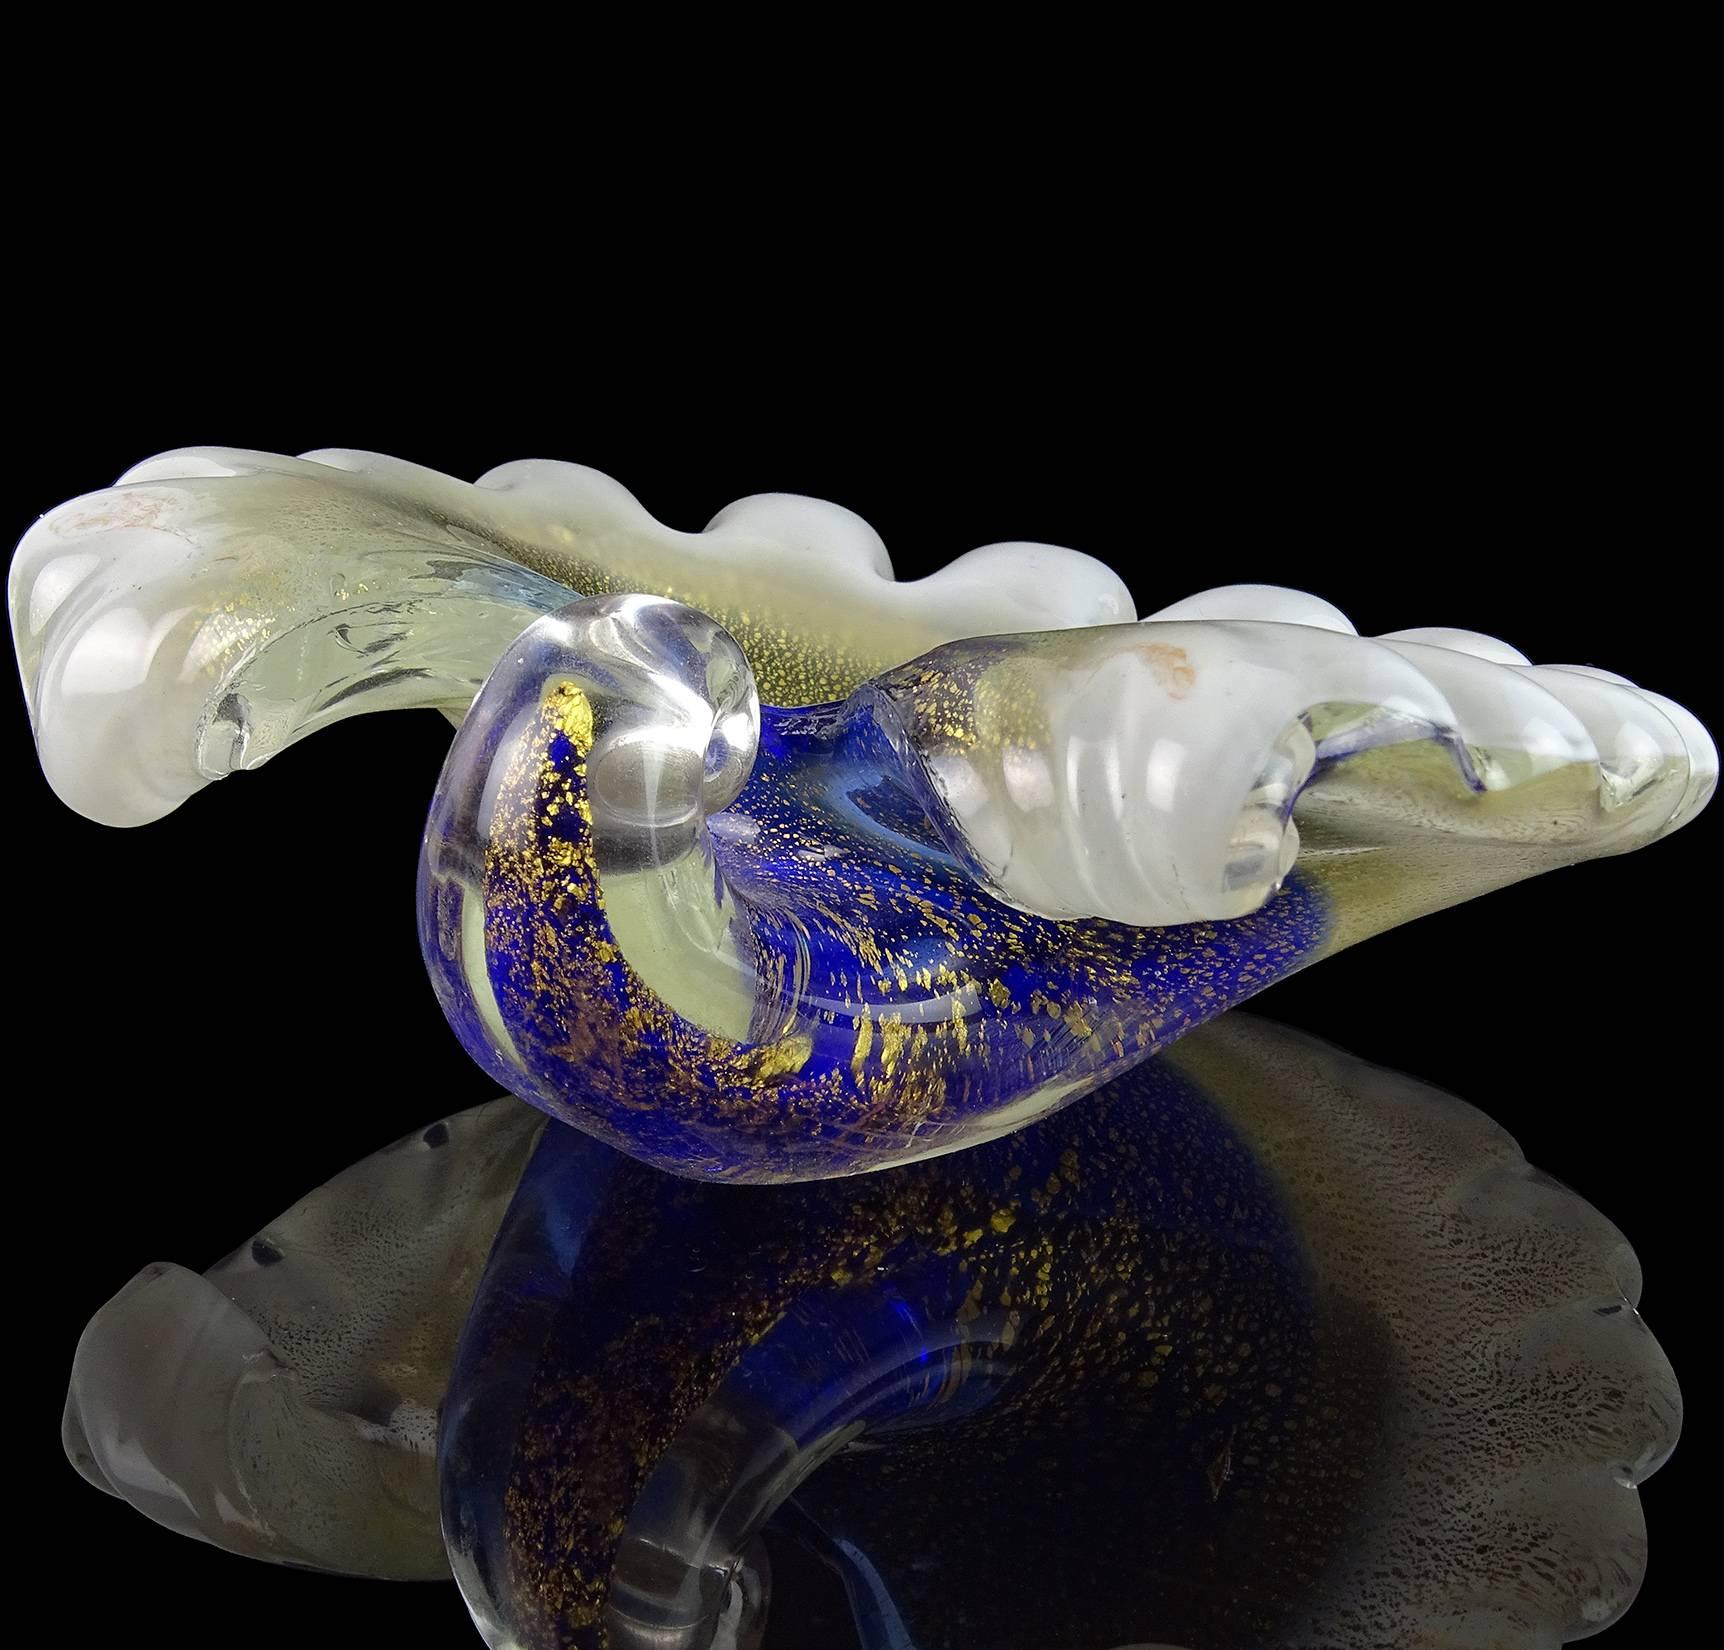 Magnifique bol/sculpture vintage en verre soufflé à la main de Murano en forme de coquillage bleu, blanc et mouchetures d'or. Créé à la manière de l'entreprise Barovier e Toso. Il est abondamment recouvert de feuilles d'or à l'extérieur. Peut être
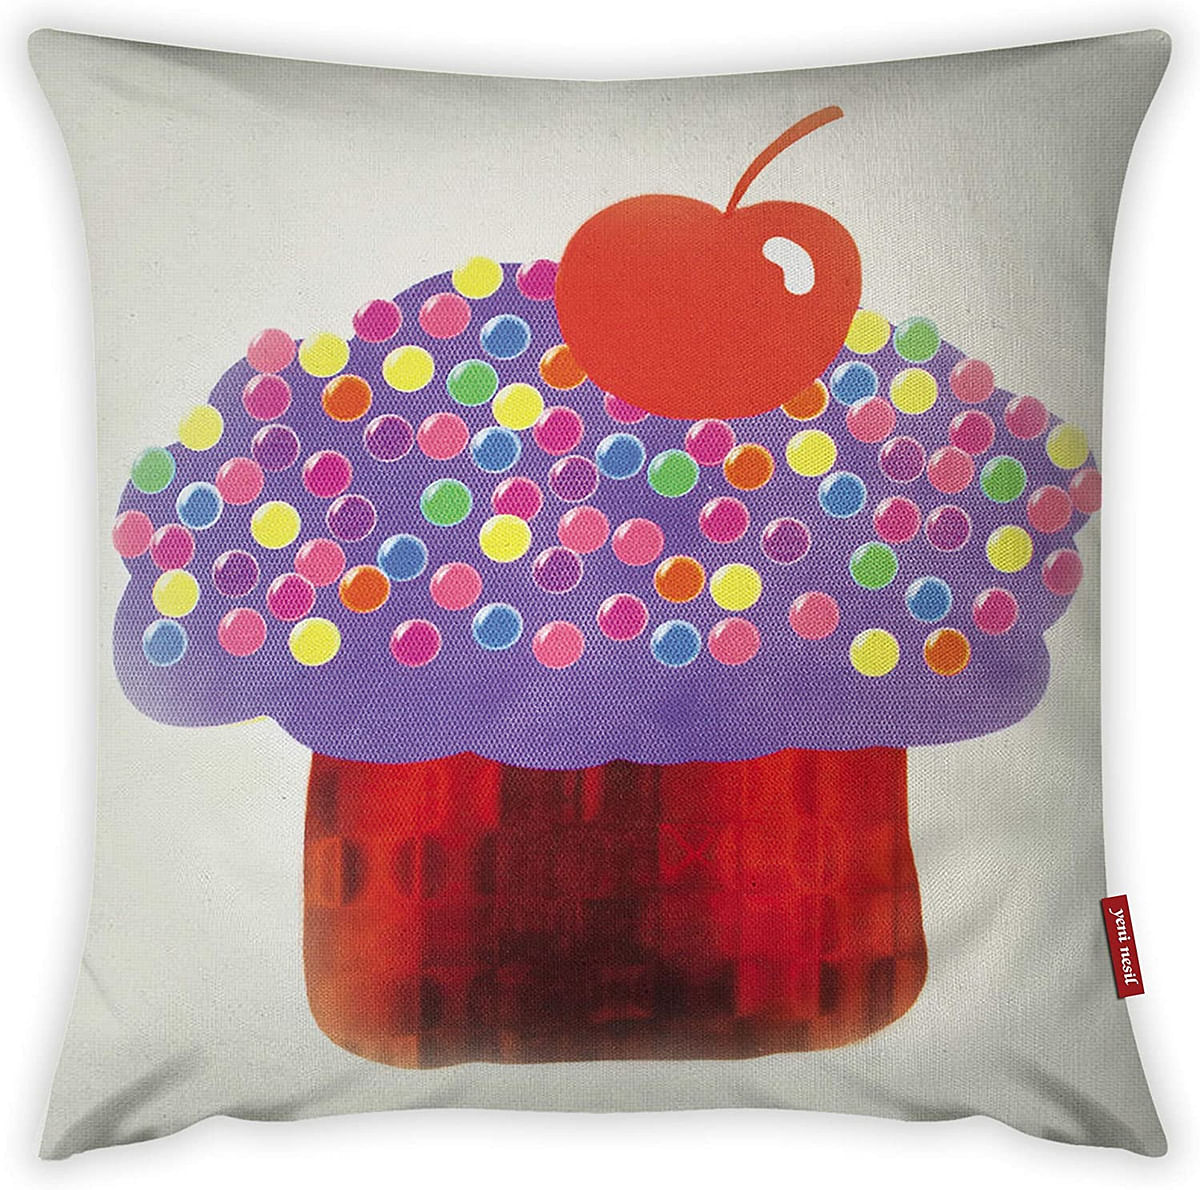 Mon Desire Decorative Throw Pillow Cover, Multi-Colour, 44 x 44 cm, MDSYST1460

--

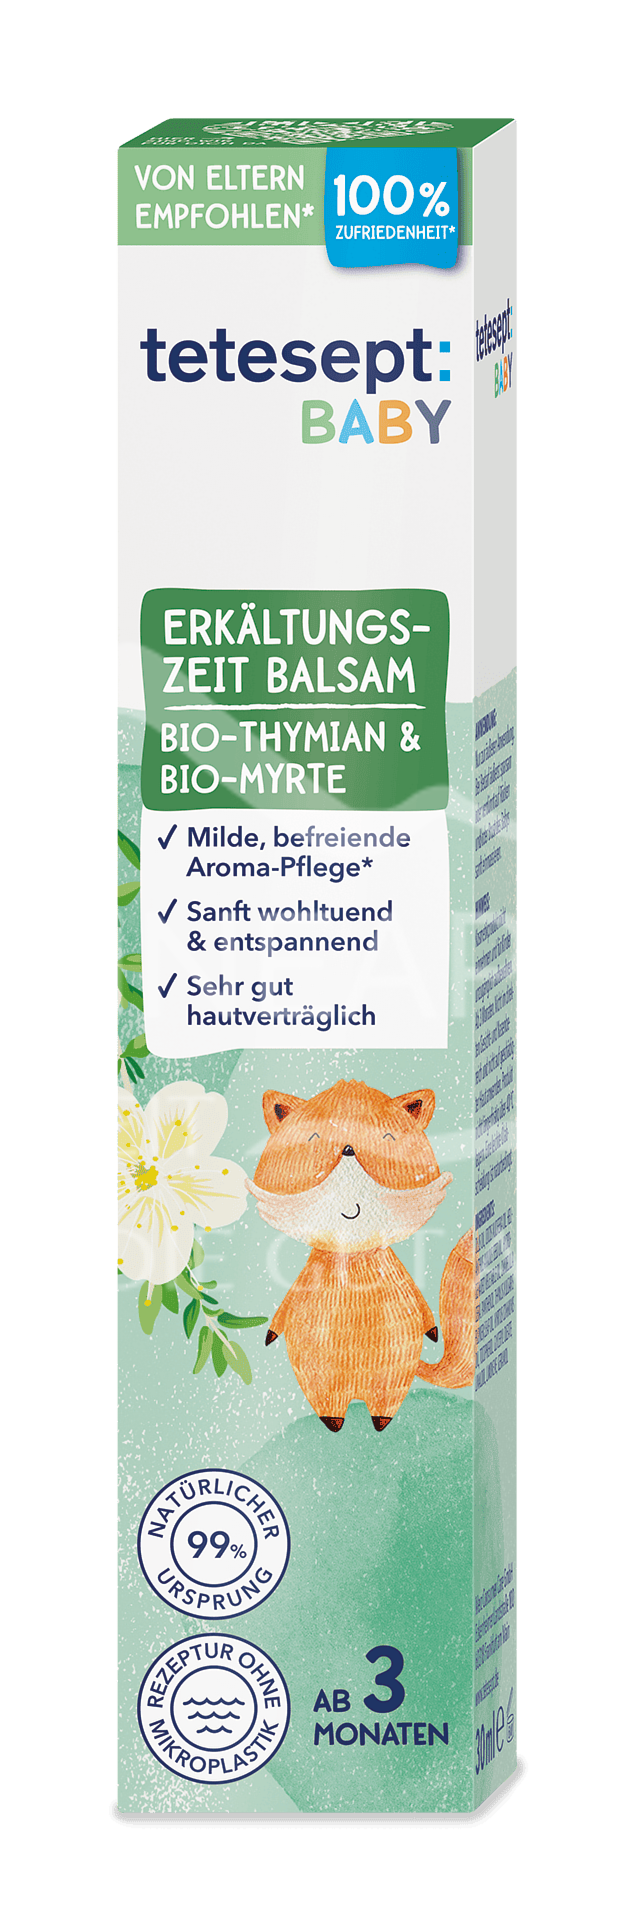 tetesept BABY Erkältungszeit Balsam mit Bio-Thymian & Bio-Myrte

--

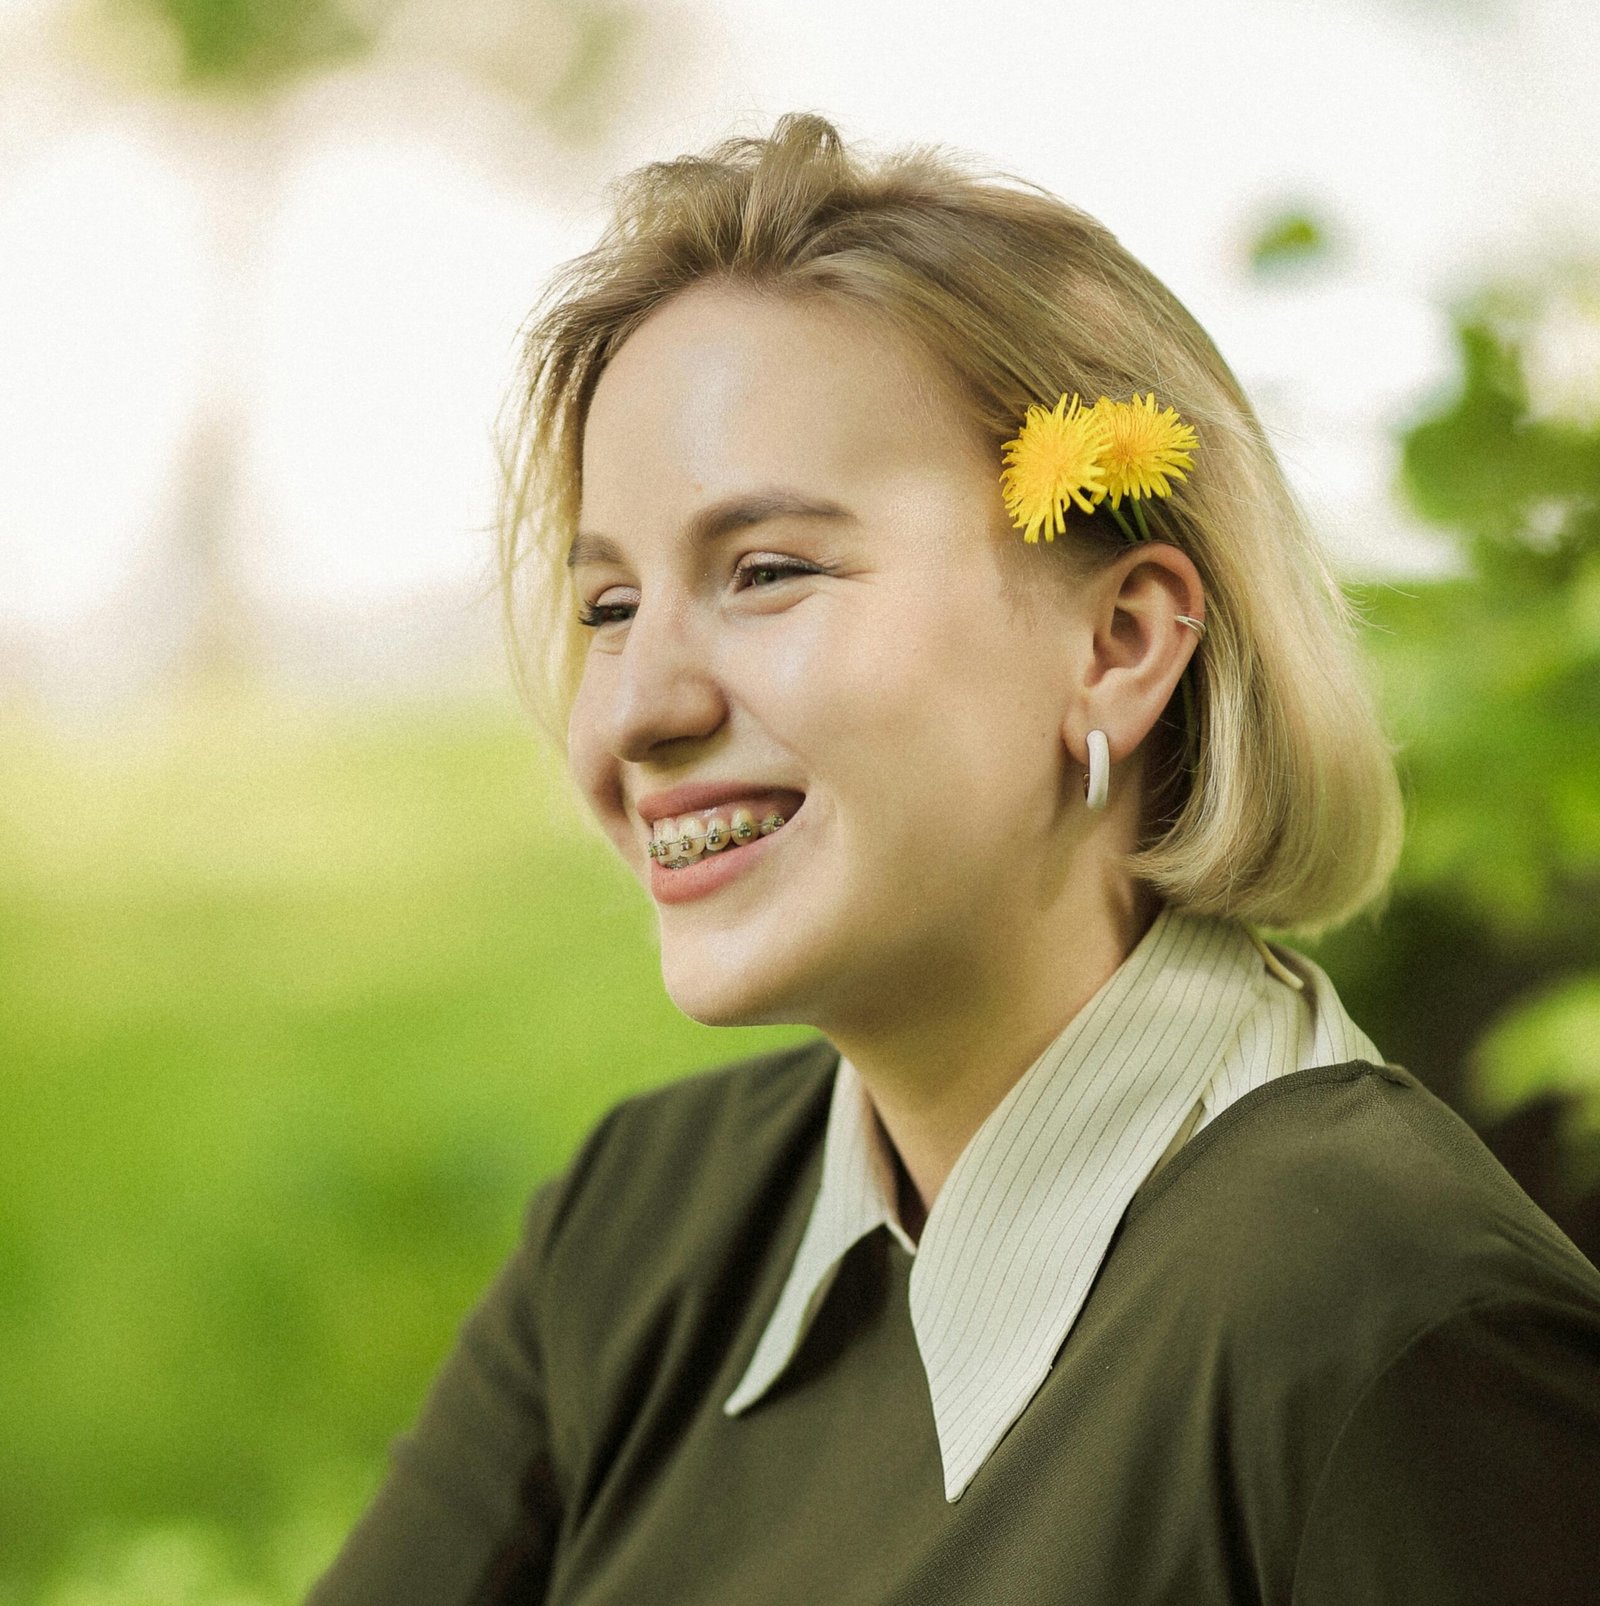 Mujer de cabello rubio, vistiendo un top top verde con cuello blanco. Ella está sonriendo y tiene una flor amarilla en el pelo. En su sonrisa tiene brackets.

Task statement: Nothing but the lines from the one with "Magnifique bol/sculpture vintage" to the one with "Mon Desire Decorative" above, both included, should be transcribed, exactly and without pictures.

Finished exercise:
 Magnifique bol/sculpture vintage en verre soufflé à la main de Murano en forme de coquillage bleu, blanc et mouchetures d'or. Créé à la manière de l'entreprise Barovier e Toso. Il est abondamment recouvert de feuilles d'or à l'extérieur. Peut être
 Mon Desire Decorative Throw Pillow Cover, Multi-Colour, 44 x 44 cm, MDSYST1460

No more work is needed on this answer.